For some time, Johnson had been asking Lockheed management to set up an experimental department where there would be direct links between designer, engineer, and manufacturing. Johnson decided to run the XP- 80 program on this basis. The only place for the new section was next to the wind tunnel. The tools came from a small machine shop Lockheed bought out.

The walls were wooden engine boxes, while the roof was a rented circus tent. Johnson assembled a group of twenty-two engineers; the new group had its own purchasing department and could function independently of the main plant. Working ten hours a day, six days a week, they had the XP-80 ready in 163 days.

Part of the secrecy surrounding the project was that Johnson's new section had no name. Soon after the makeshift shop was finished, Lockheed engineer Irving H. Culver was at the phone desk. The phone rang, Culver was alone, and he had not been told how to answer the phone. Culver was a fan of Al Capp's comic strip 'L'l Abner.' In the strip, 'Hairless Joe'

brewed up 'Kickapoo Joy Juice' using old shoes, dead skunks, and other ingredients. On impulse, Culver answered the phone with the name of that brewery.[22]

It was called 'the Skunk Works.'

CHAPTER 2

The Angel of Paradise Ranch

The U-2 Aquatone

Now the reason the enlightened prince and the wise general conquer the enemy whenever they move and their achievements surpass those of ordinary men is foreknowledge.

Sun Tzu. ca. 400 B.C.

With the end of World War II, the shaky alliance between the Soviet Union and the Western powers unraveled before the reality of Stalinism. Events during 1948 and 1949, such as the Berlin Blockade and the testing of the first Soviet A-bomb, underlined the need for information on the Soviet Union. The CIA and the British Secret Intelligence Service attempted to parachute agents into the Soviet Union between 1949 and 1953. The West also attempted to support resistance groups in the Ukraine, the Baltic States, Albania, and Poland. The efforts ended in failure. The agents were captured as soon as they landed, while the resistance groups were ruthlessly hunted down.[23]

The intelligence would have to be gathered from the air.

COLD WAR OVERFLIGHTS

With the start of the Cold War, overflights of the Soviet Union began. In the late-1940s, the British used de Havilland Mosquito PR.34s to photograph northern ports such as Murmansk and Archangel. The armor was removed to raise the maximum altitude to 43,000 feet, above that of Soviet propeller fighters. The Mosquito overflights continued into 1949, until the introduction of the MiG 15 jet fighter made them too dangerous.[24]

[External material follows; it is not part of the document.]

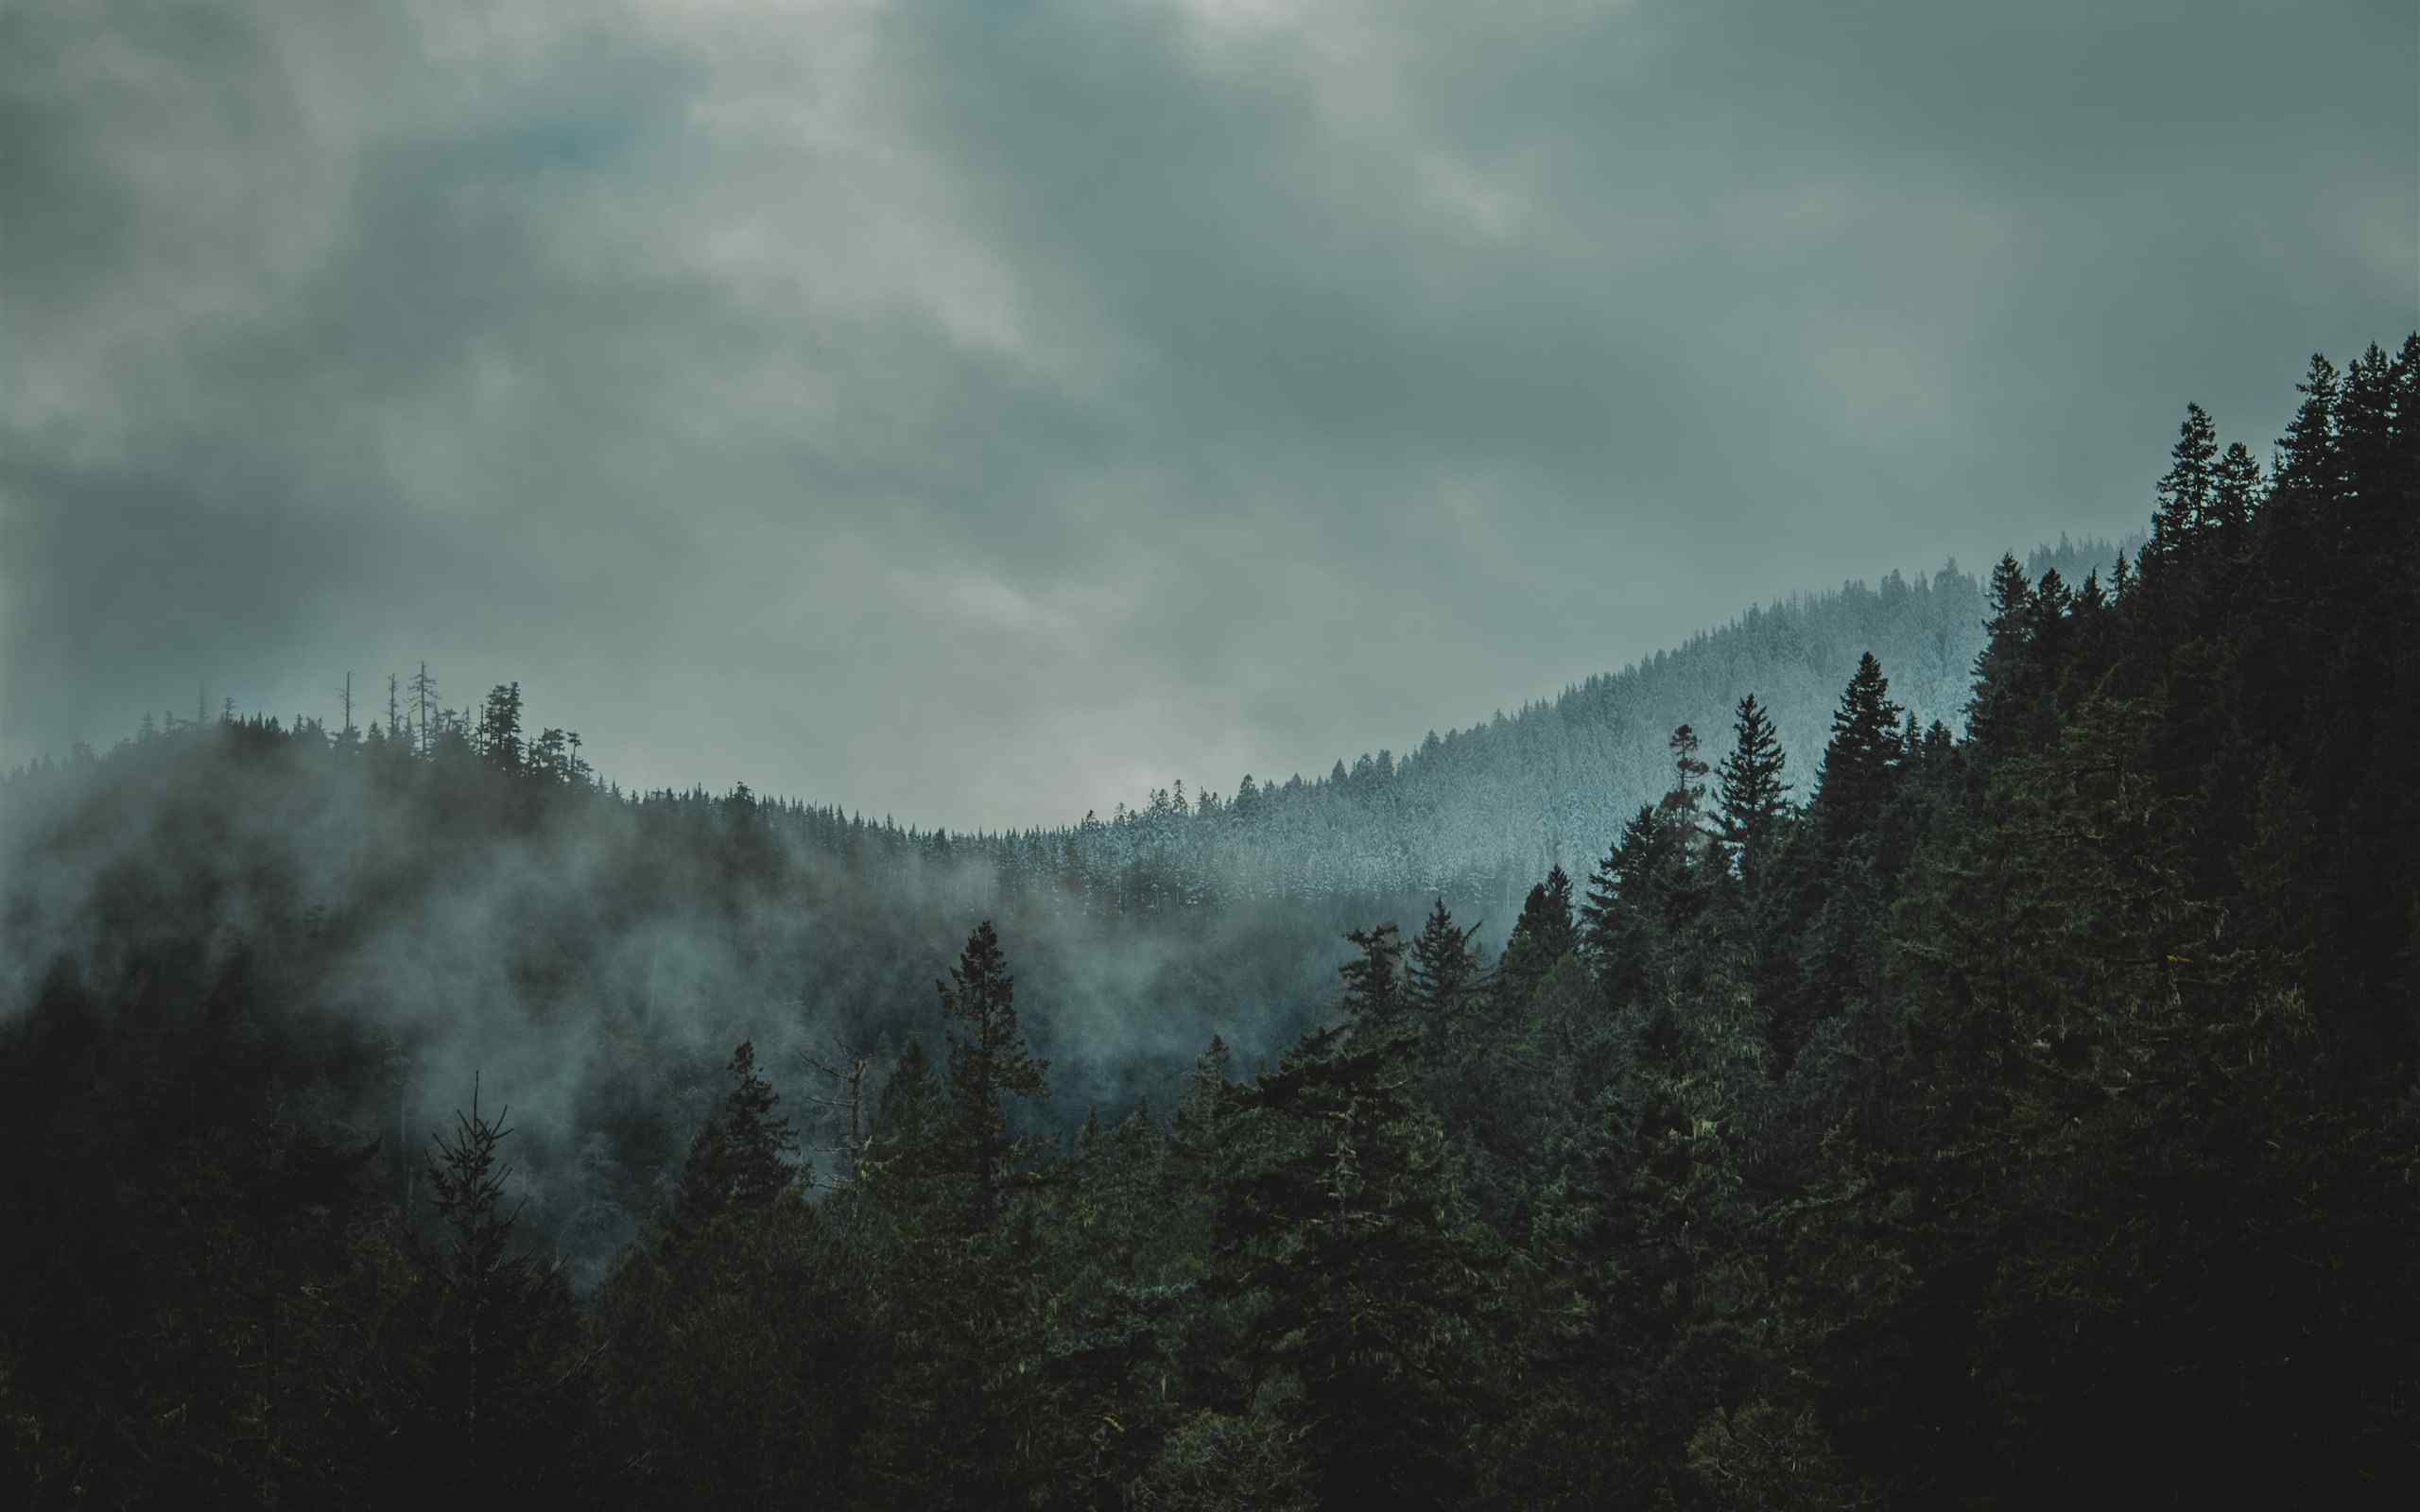 唯美意境云雾朦胧山水自然风景图片桌面壁纸

With the start of the Korean War in June 1950, overflights began in earnest. In the fall of 1950, President Harry S Truman authorized a program to cover Soviet ports, islands, and coastal areas.[25] Initially, two different aircraft were used — the RB-36D Peacemaker and the RB-45C Tornado. The RB-36s were stripped of unnecessary equipment, including all the guns except the twin 20mm cannons in the tail turret. These featherweight RB-36s could reach altitudes of 58,000 feet, which gave them virtual immunity from Soviet MiG 15s.

The RB-45s were light jet reconnaissance bombers, which relied on speed and the brief duration of the overflight, rather than altitude, to escape detection. (Its performance was less than that of the MiG 15.) In 1952 and 1954, RB-45Cs were painted in RAF markings and made overflights of the western Soviet Union.[26] U.S. Air Force RB-45Cs, based in Japan, also overflew the Pacific coast of the Soviet Union.[27]

In 1953, overflight missions were taken over by RB-47 Stratojets, medium jet bombers with much better speed than the RB-36s or 45s. Their most spectacular mission was a mass overflight of Vladivostok at high noon by the entire RB-47 force. Each target was photographed by two or three aircraft. Only two planes saw MiGs, but no interceptions were made.[28]

These overflights were brief. The planes crossed the border, covered their targets, and were back across before Soviet air defenses could react. If the Soviets protested, the incident could be described as an 'off-course training flight.' These flights could not cover the Soviet interior, where the bulk of Soviet industrial and military facilities were located. In the Ural Mountains whole cities had been built that no Westerner had ever seen. Filling the blank spots would take a Dark Eagle.